Some consider the sculpture, which stands in the municipal parking lot off Madison Avenue and High Street, to be the largest of its kind in the world, according to the chamber’s website. The sculpture depicts a Wabanaki fisherman holding a spear in his left hand and a weir, or fish trap, in his right hand.

Langlais’ estate gave more than 20 of his sculptures, many of which are wooden, to the nonprofit Main Street Skowhegan in 2013. Those works are also placed around town, and the Langlais Art Trail maps the location of the sculptor’s work in dozens of locations across Maine.


Rotting wood, worsened by Maine’s harsh climate, accounts for most of the damage to the Indian. Town officials and chamber leaders have said they expect the sculpture’s condition to deteriorate further over time.

The damage could be a liability, members of the chamber of commerce’s board of directors and town officials have said.

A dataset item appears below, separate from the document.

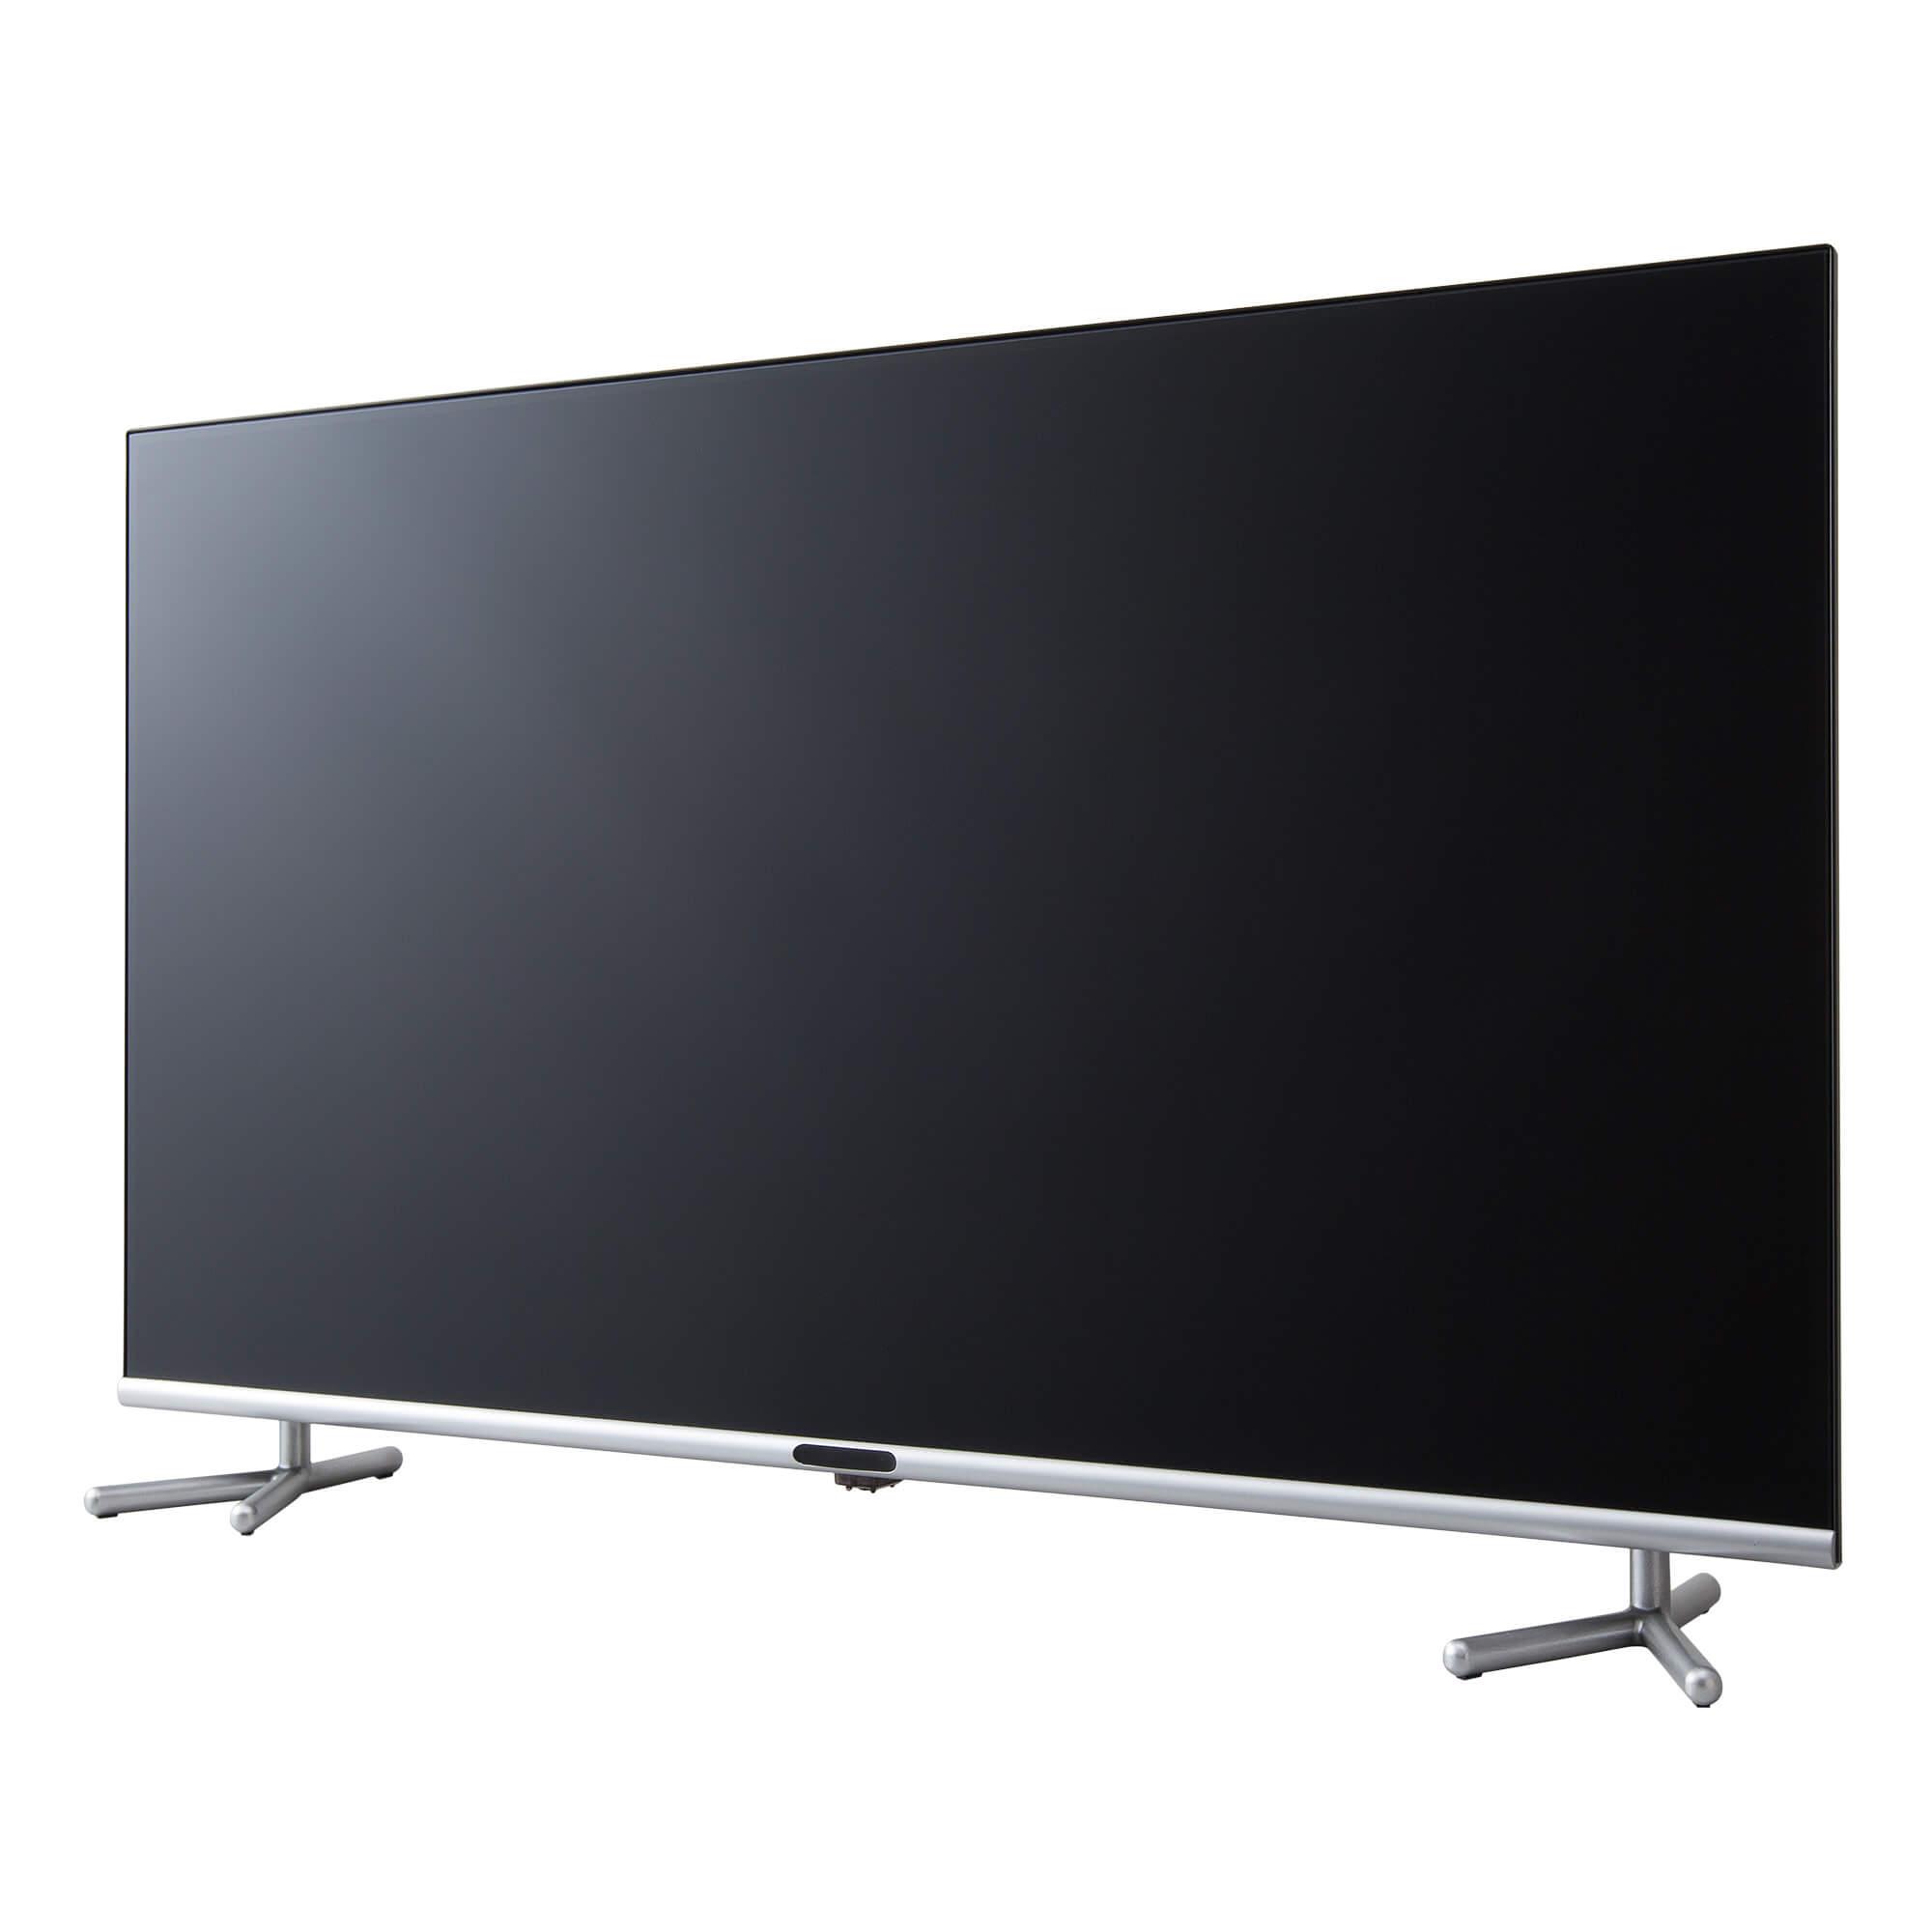 GH-TV43AM-BK

Pieces blew off this winter, leading police to cordon off the area with cones and crime scene tape for several days.

“We could be opening the town up for big hurt,” Gail Pelotte, town clerk and treasurer, said at Tuesday’s meeting, recommending that the town explore insurance before making any decisions.

But residents have mixed opinions about the sculpture, said Selectman Paul York, who voted to approve the Town Meeting article.

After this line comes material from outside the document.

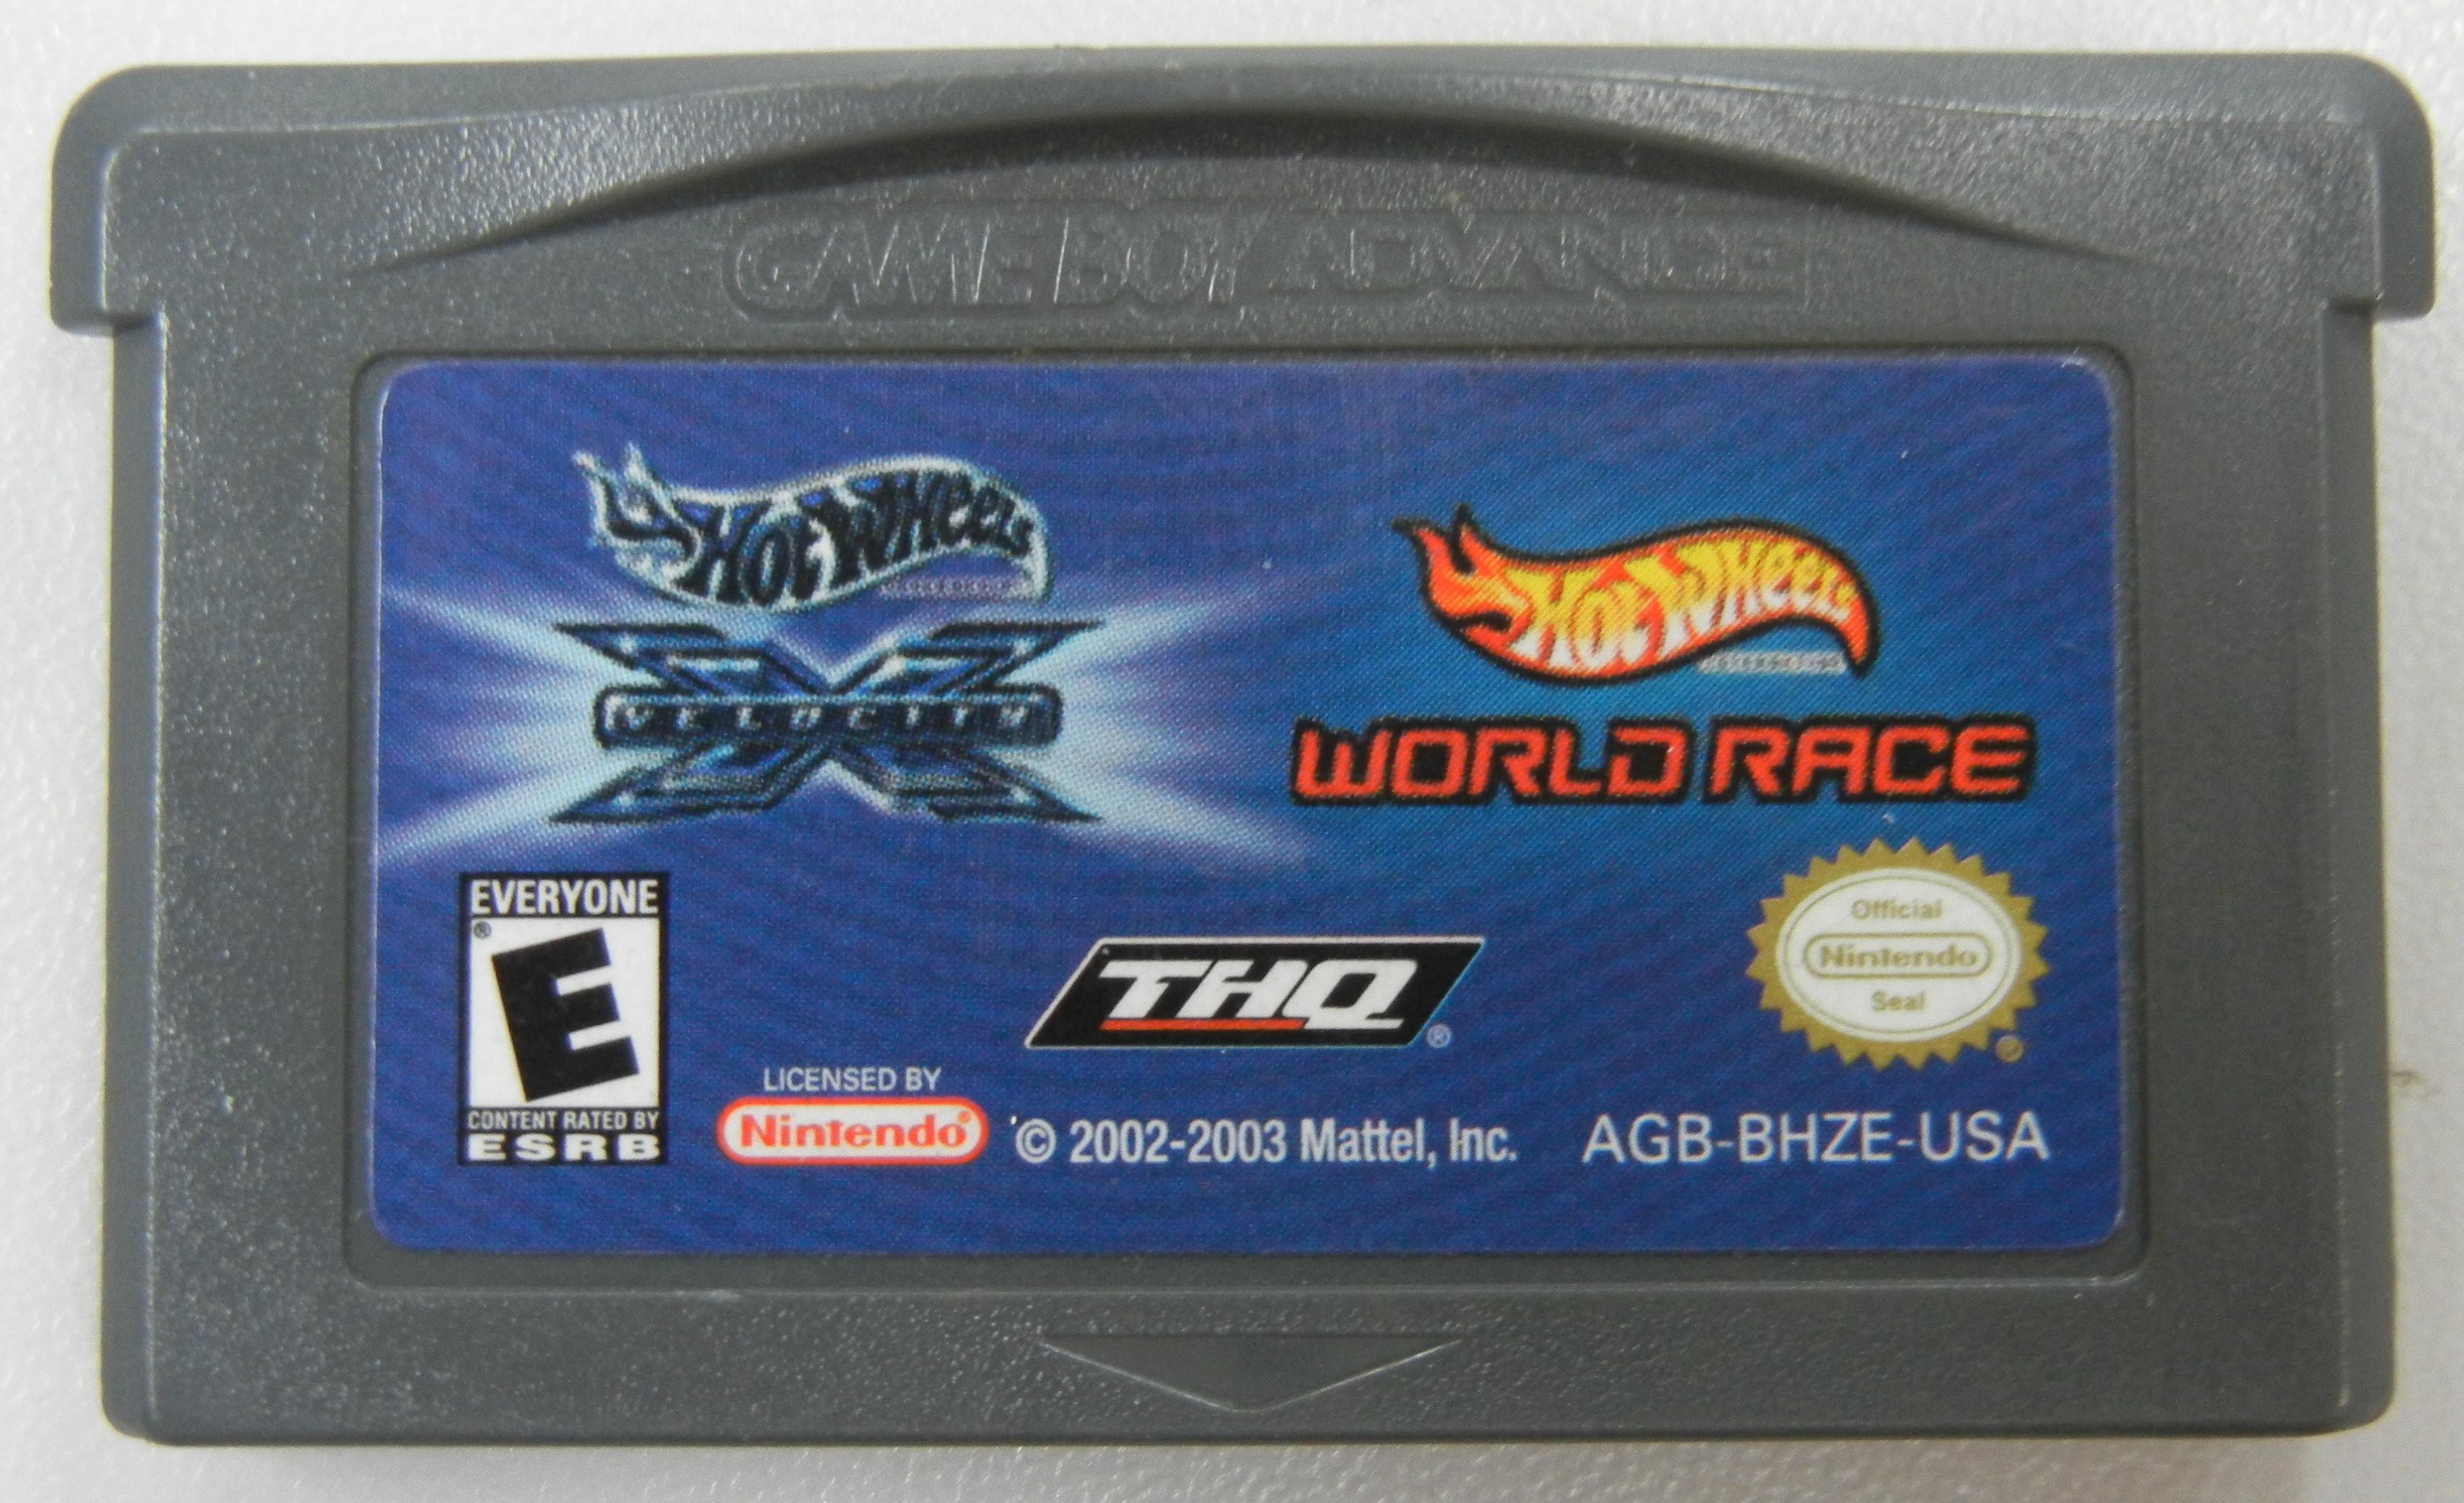 HOT WHEELS WORLD RACE - GAMEBOY ADVANCE GAMES

“We just felt that it shouldn’t be 5 of us (voting),” York said at Tuesday’s meeting. “It should be the town voters.”

For Michelle Kelso, the Indian is an important symbol for Skowhegan. The local schools’ nickname was the Indians until it was changed in 2019 after extensive debate.

“We went through enough when they took away our name,” Kelso, a member of the School Administrative District 54 board of directors and an alternate member of the Skowhegan Planning Board, said at Tuesday’s meeting. “We deserve to have that Indian. And if it costs an extra five bucks in my taxes, I’m willing to pay it.”

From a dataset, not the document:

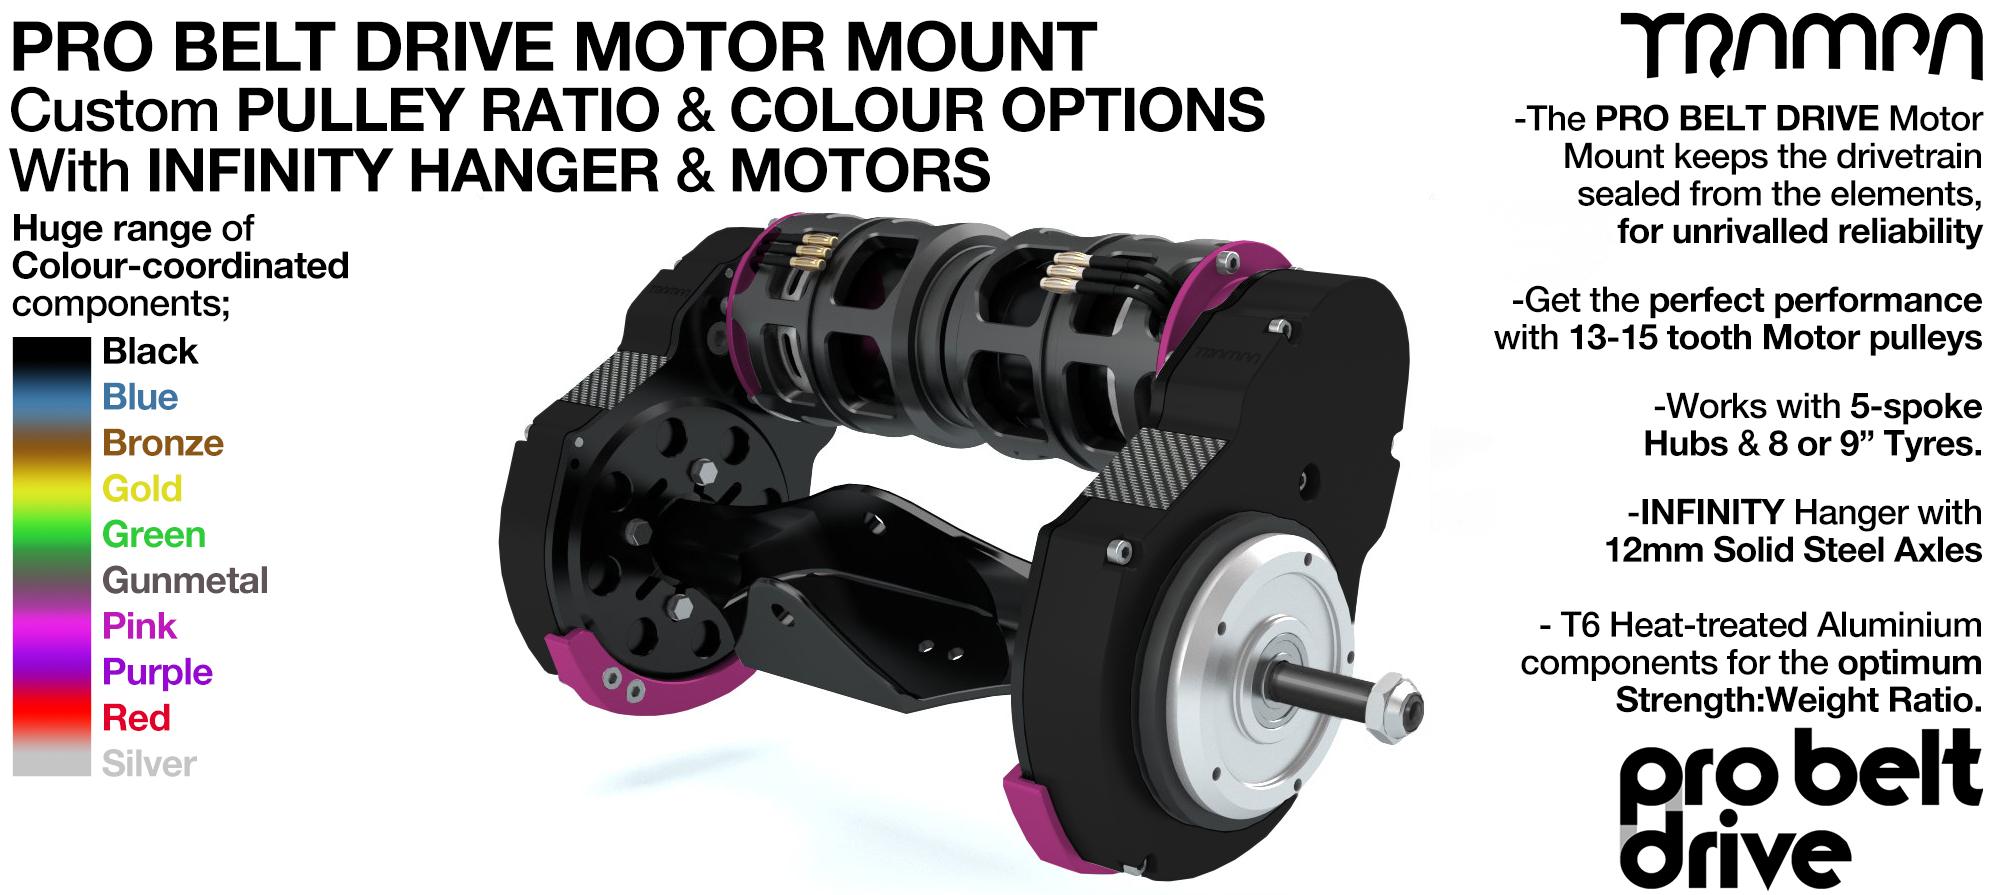 Mountainboard PRO Belt Drive TWIN Motor Mounts, Motors & Precision INFINITY Hanger

It is possible that another group may want to acquire and restore the sculpture, said Garrett Quinn, a member of the chamber’s board of directors who attended Tuesday’s meeting.

“If the town says that they don’t want it, then we’re going to go to some nonprofits that maybe restore art or use art or want this piece to move someplace else, whatever they want,” Quinn said. “And if we don’t have any takers, then we’re going to go down the road to see what it’s going to cost to dismantle it.”